There remained a chronic need for nursing as the flu pandemic hit civilians, medical staff and soldiers alike. Despite numerous deaths in the town the hospital fund-raising continued. Whilst the hospital closed officially on 14th April 1919 it remained open until the end of that month. It is not recorded if there was a closing ceremony. When the Leamington VAD hospital ‘The Warren’ closed, their ‘Laying up of flags’ included a church service and a special dinner followed by a procession through the streets to the station accompanied by a band, with the men, by then back in khaki led by the Commandant and accompanied by the nurses whose hankies were waved as the train left.

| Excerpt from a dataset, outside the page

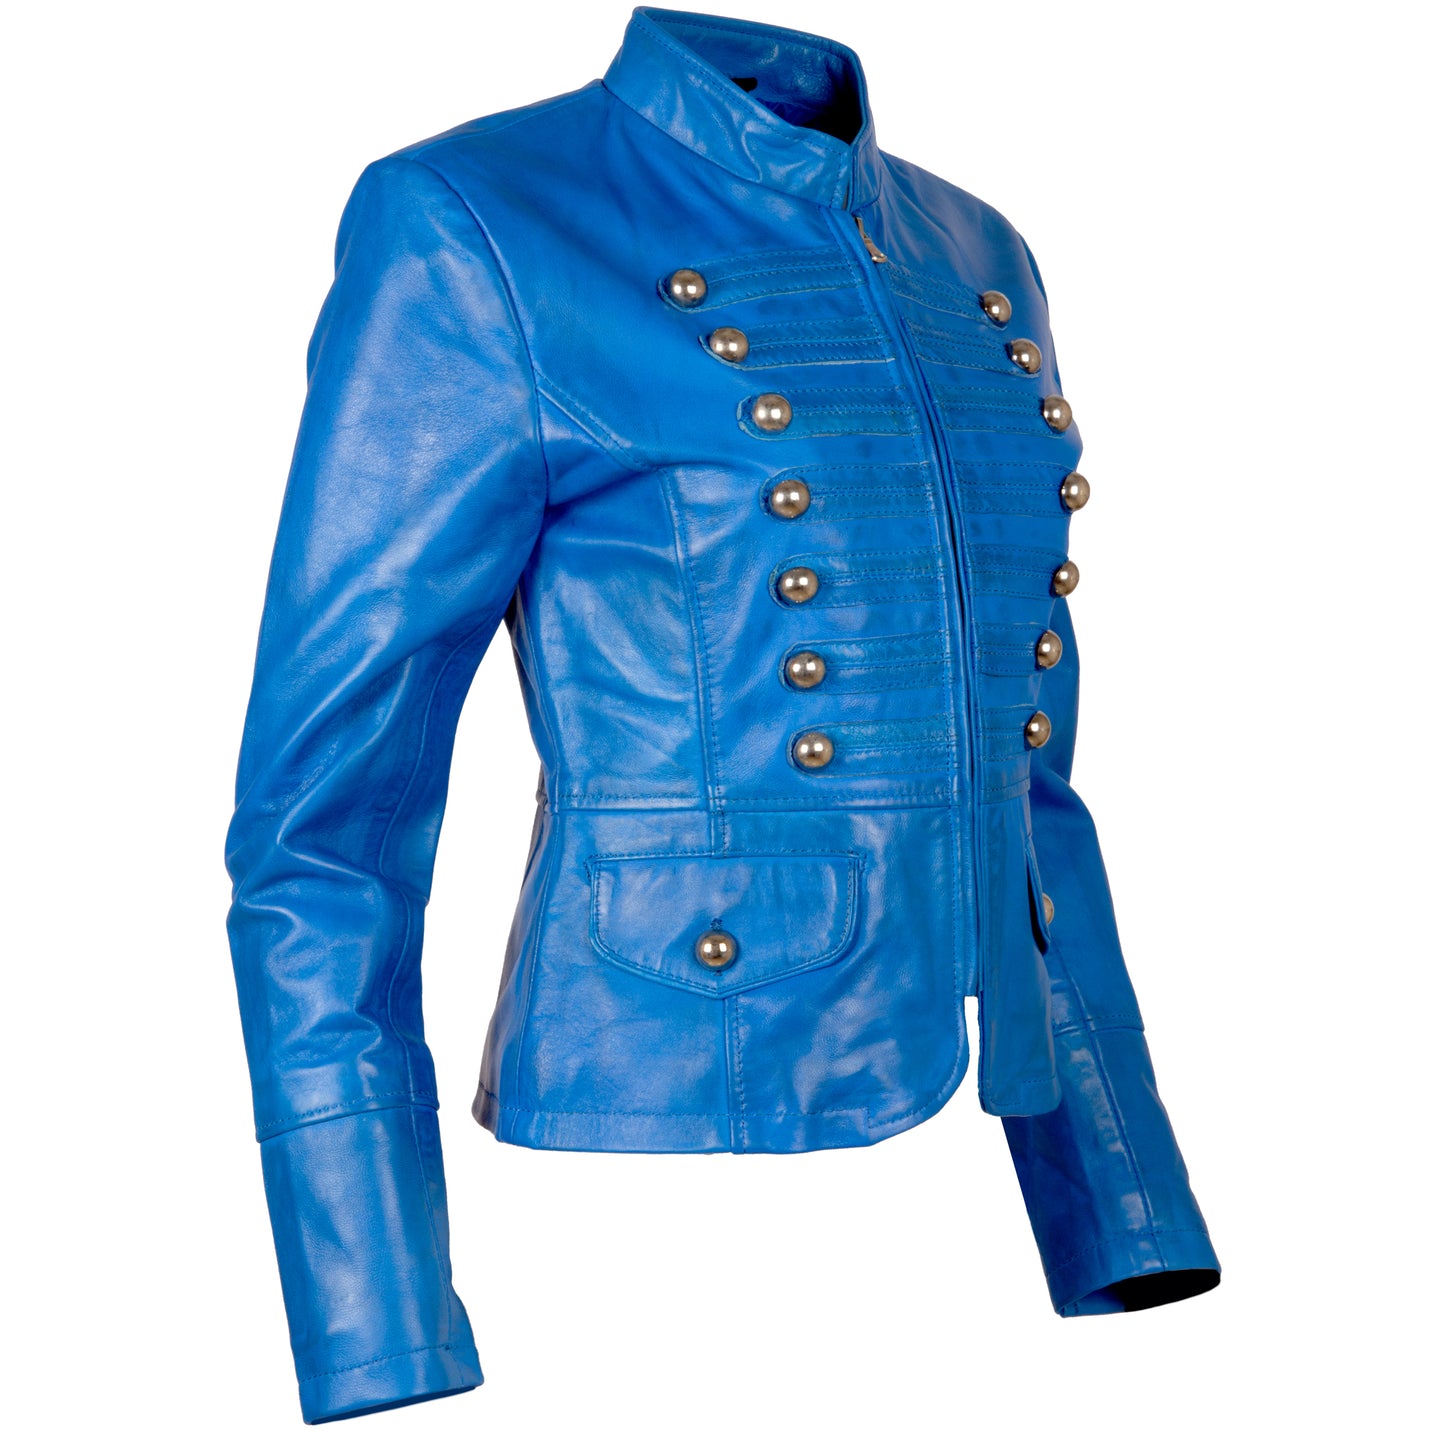 Aviatrix Women’s Real Leather Military Parade Jacket with Decorative Buttons (T5J4) - Electric Blue

This fancy dress picture – patients, VADs and professional nurses all taking parts in a Pierrot Troupe – was taken in Autumn 1918. It appears to epitomise the strength and goodwill of an establishment working and relaxing together. Their play was dedicated to the ‘Memory of Happy Days’.
At Southam more than 1,000 patients had passed through the hospital. There were no deaths, and no crime and no incidents of falling out. Lady Shuckbrough ran a tight ship, devoting herself ‘heart and soul’ as Leamington Courier reported, to her ‘men in blue’.
Some of the final work for staff and the volunteers must have been the preparation for the disposal of the furniture and fittings. In June 1919 the Commandant instructed Auctioneers Locke and Son as this advertisement from Leamington Morning News 13 June 1919 shows.
This final photograph is perhaps the most complete portrait of what the Grange at Southam afforded to injured soldiers. It shows the dining room (the conservatory extreme left), the windows flung wide and the steps leading to the extensive garden. The men sit at the window as they enjoy a peaceful, calm environment. One soldier wrote home saying ‘can you imagine a more beautiful place’.